O trabalho escravo no Brasil contemporâneo

Enviada em 17/08/2021

A Constituição Federal 1988, no artigo 6º, define o trabalho como um direito social. Ademais, a Consolidação das Leis Trabalhistas regulamenta os deveres e benefícios dos trabalhadores. Contudo, longe de tais previsões normativas, o trabalho escravo persiste no Brasil, reflexo dos altos índices de miséria populacional e da ineficiência estatal no combate ao entrave.

Em uma primeira análise, a parcela mais carente da população é submetida, muitas vezes, a condições subumanas nos meios produtivos. Esse fato é verificado desde a abolição da escravatura no país, no séxulo XIX, quando os ex-escravos, apesar da libertação, foram mantidos à margem de oportunidades ocupacionais dignas. Hoje, ainda, essa inacessibilidade perdura no corpo social verde-amarelo, à medida que os mais pobres continuam a enfrentar situações análogas a escravidão, a fim de obter o sustento próprio e familiar.
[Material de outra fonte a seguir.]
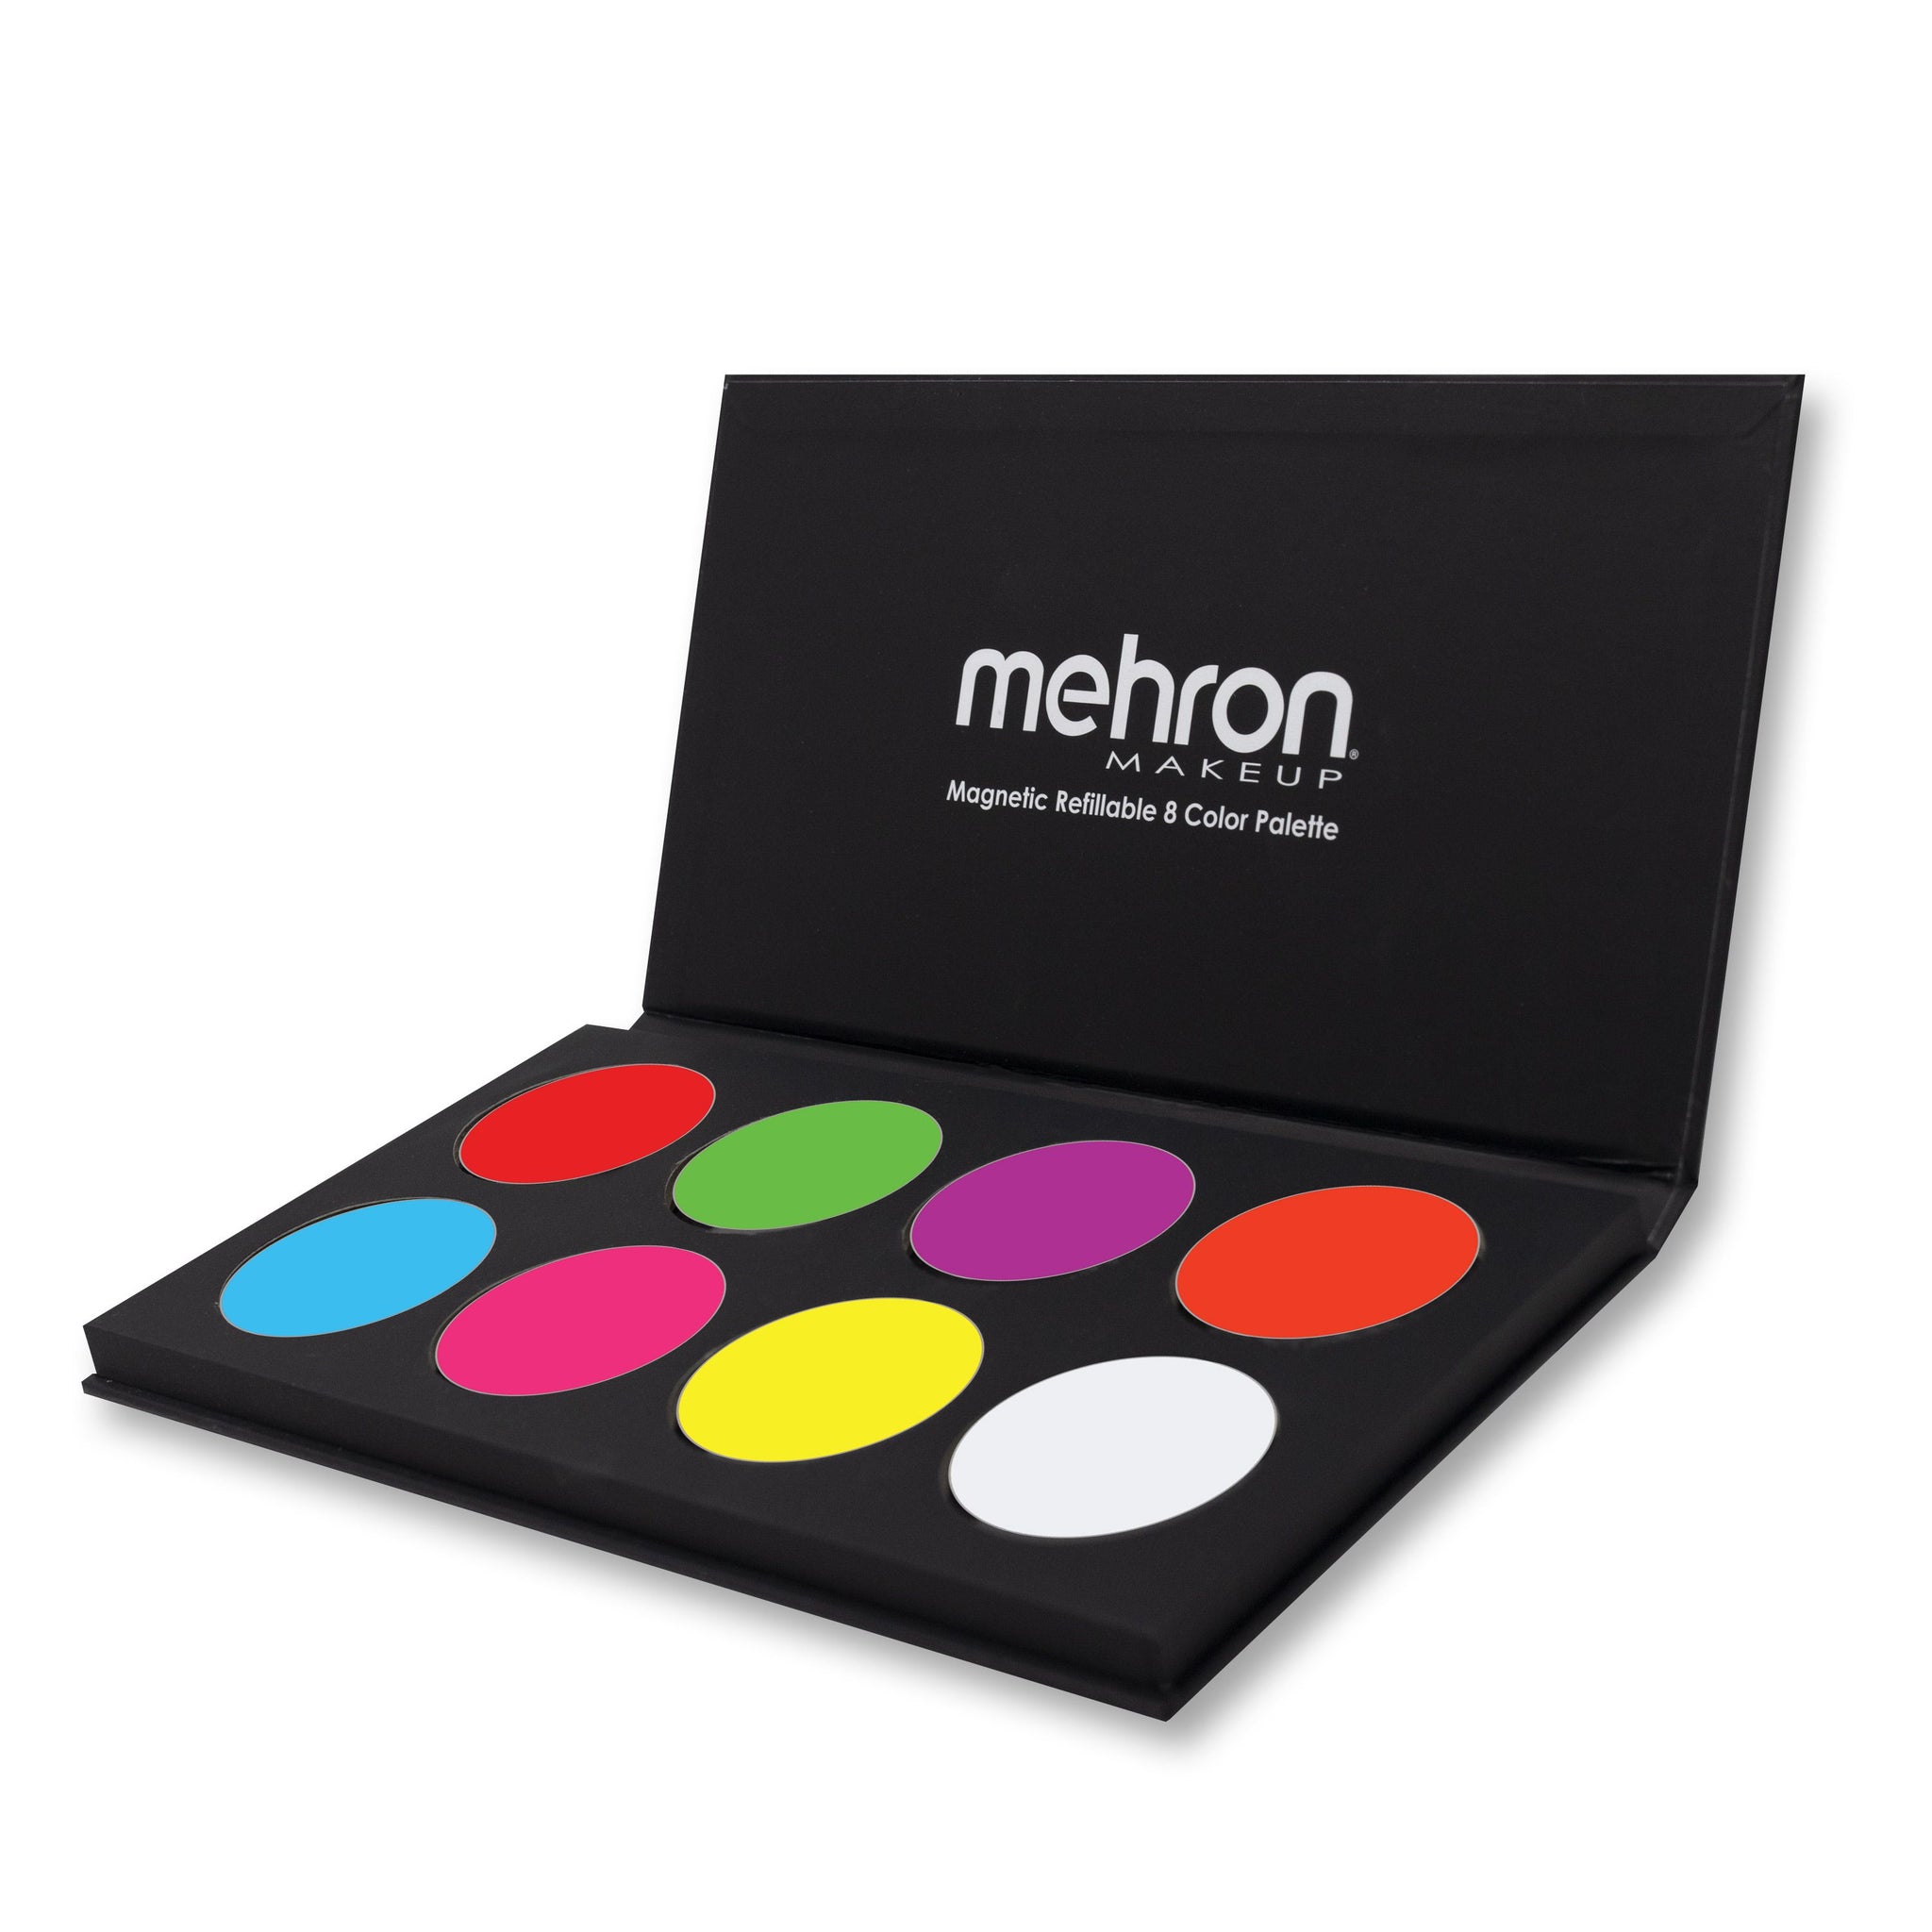 Mehron Makeup Paradise Makeup AQ 8 Color Tropical Palette | Magnetic  Refillable Body Paint & Face Paint Palette | Professional Water Activated  Makeup

Com efeito, certifica-se a histórica incapacidade do Estado na correção do problema. O terceiro presidente dos Estados Unidos, Thomas Jefferson, defendeu que a aplicação da lei é mais importante que sua elaboração. Nesse contexto, o governo brasileiro falha ao não efetivar os avanços iniciados pela Lei Áurea e ratificados pela CLT. Quanto a isso, destaca-se a manutenção das desigualdades regionais e da pobreza, bem como a falta de identificação e punição aos empregadores escravistas, fatores esses que corroboram para a continuidade da escravização.

Depreende-se, portanto, que esforços são necessários em prol de reverter o panorama supracitado. Para tanto, o Estado deve formular políticas públicas eficazes que visem à promoção das camadas mais pobres da sociedade, mediante a concessão não só de oportunidades iguais de alcance aos postos regulares de trabalho, mas também de subsídios econômicos em caso de exposição compulsória a serviço similar ao escravo. Feito isso, o exercício profissional no Brasil entratá em conformidade com o assegurado pela jurisdição.